Speaking on Monday following a meeting of EU foreign ministers in Brussels, German Foreign Minister Annalena Baerbock said German experts have found no legal grounds to justify such a move against the IRGC.
"As of now, we don't have legal grounds in the EU to list the [Islamic] Revolutionary Guards [Corps] as [a] terrorist organization," she said.
The new development came as the 27-nation bloc has been slapping sanctions on Iran over what it calls the country's approach towards foreign-backed riots that erupted in some Iranian cities in September.
The riots broke out after the death in police custody of Mahsa Amini, a 22-year-old Iranian woman. She fainted at a police station in Tehran and was pronounced dead three days later at the hospital.
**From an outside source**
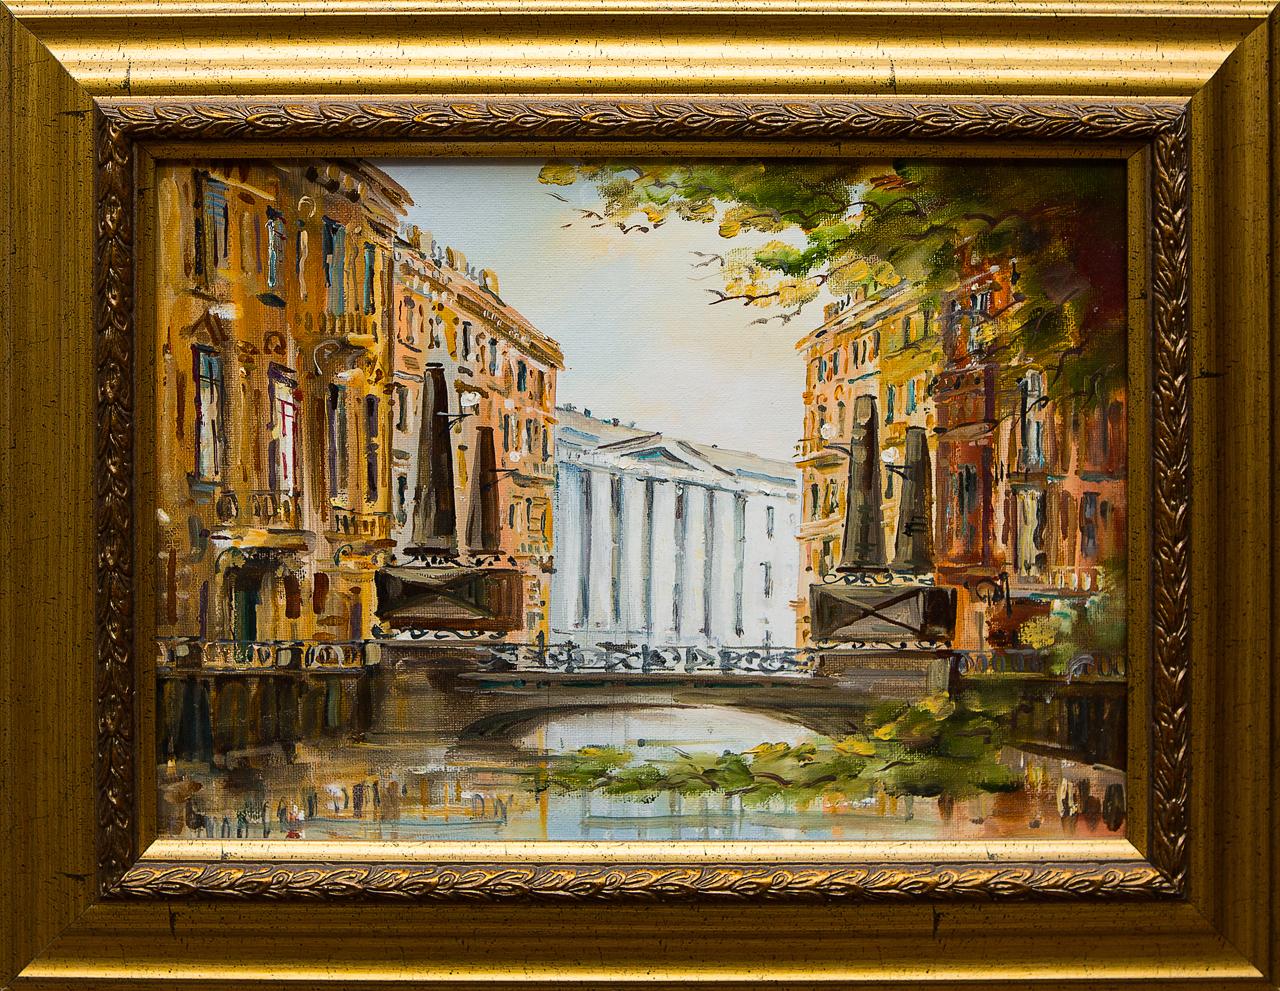 Картина маслом Канал Грибоедова Шеренкова картина маслом город шеренкова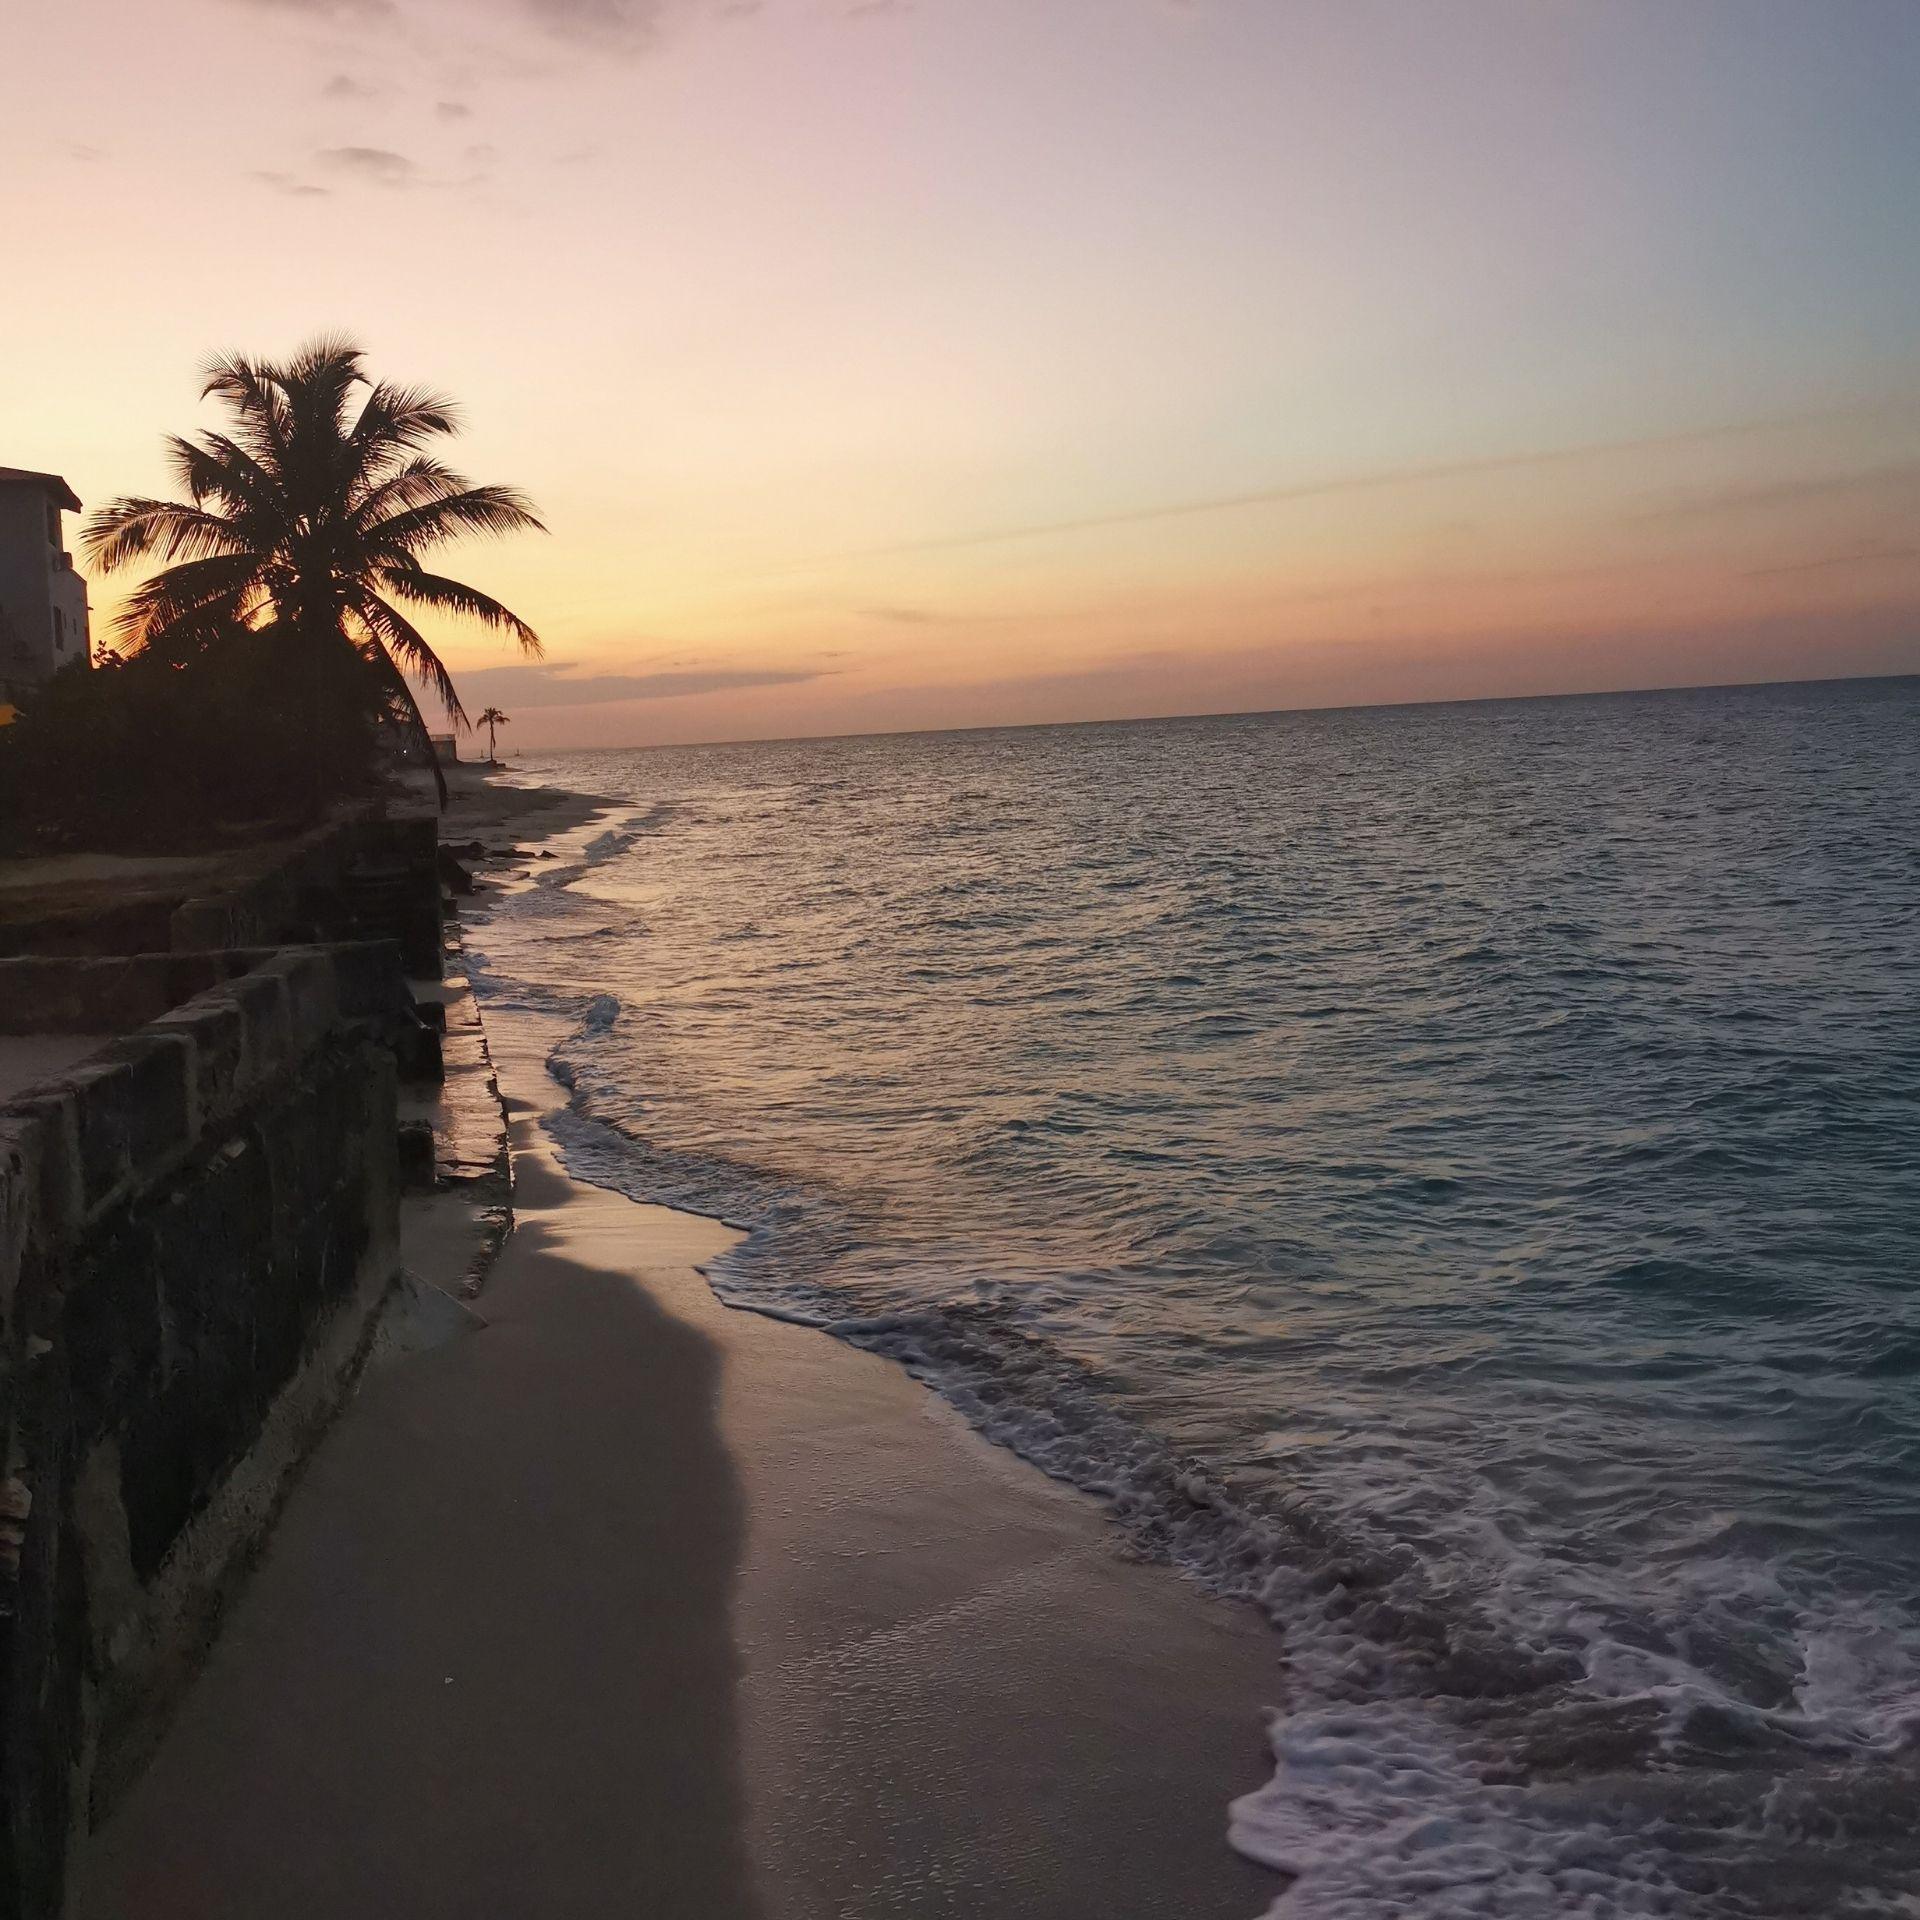 Beach at sunset in Cuba

An official report by Iran’s Legal Medicine Organization concluded that Amini’s death had been caused by illness rather than alleged blows to the head or other vital body organs, Press TV reported.
Following her death, rioters went on a rampage, brutally attacking security officers and causing massive damage to public property. Dozens of people and security personnel were killed throughout the riots. Iran’s intelligence bodies have found footprints of American and other Western spy agencies in the violent riots.
Last month, the European Parliament adopted an amendment calling on the EU and its member states to include the IRGC on their terror list. It also passed another resolution, calling for more sanctions against Iranian individuals and entities and putting the IRGC on the EU's so-called terror list over alleged human rights violations during the recent riots.
Major General Hossein Salami, the chief commander of the IRGC, blasted the European Parliament’s resolution, warning that the Europeans would suffer the consequences of their move.
On January 23, however, the European Union's foreign policy chief, Josep Borrell, said the bloc could not list the IRGC as a "terrorist" entity without an EU court decision.
Speaking before a meeting of EU foreign ministers in Brussels, Borrell said a court ruling with a “concrete legal condemnation” had to first be handed down before the bloc itself could apply any such designation.
"It is something that cannot be decided without a court; a court decision first. You cannot say I consider you a terrorist because I don't like you," Borrell told reporters, stressing that the court of an EU member state had to issue a concrete legal condemnation before the bloc could act.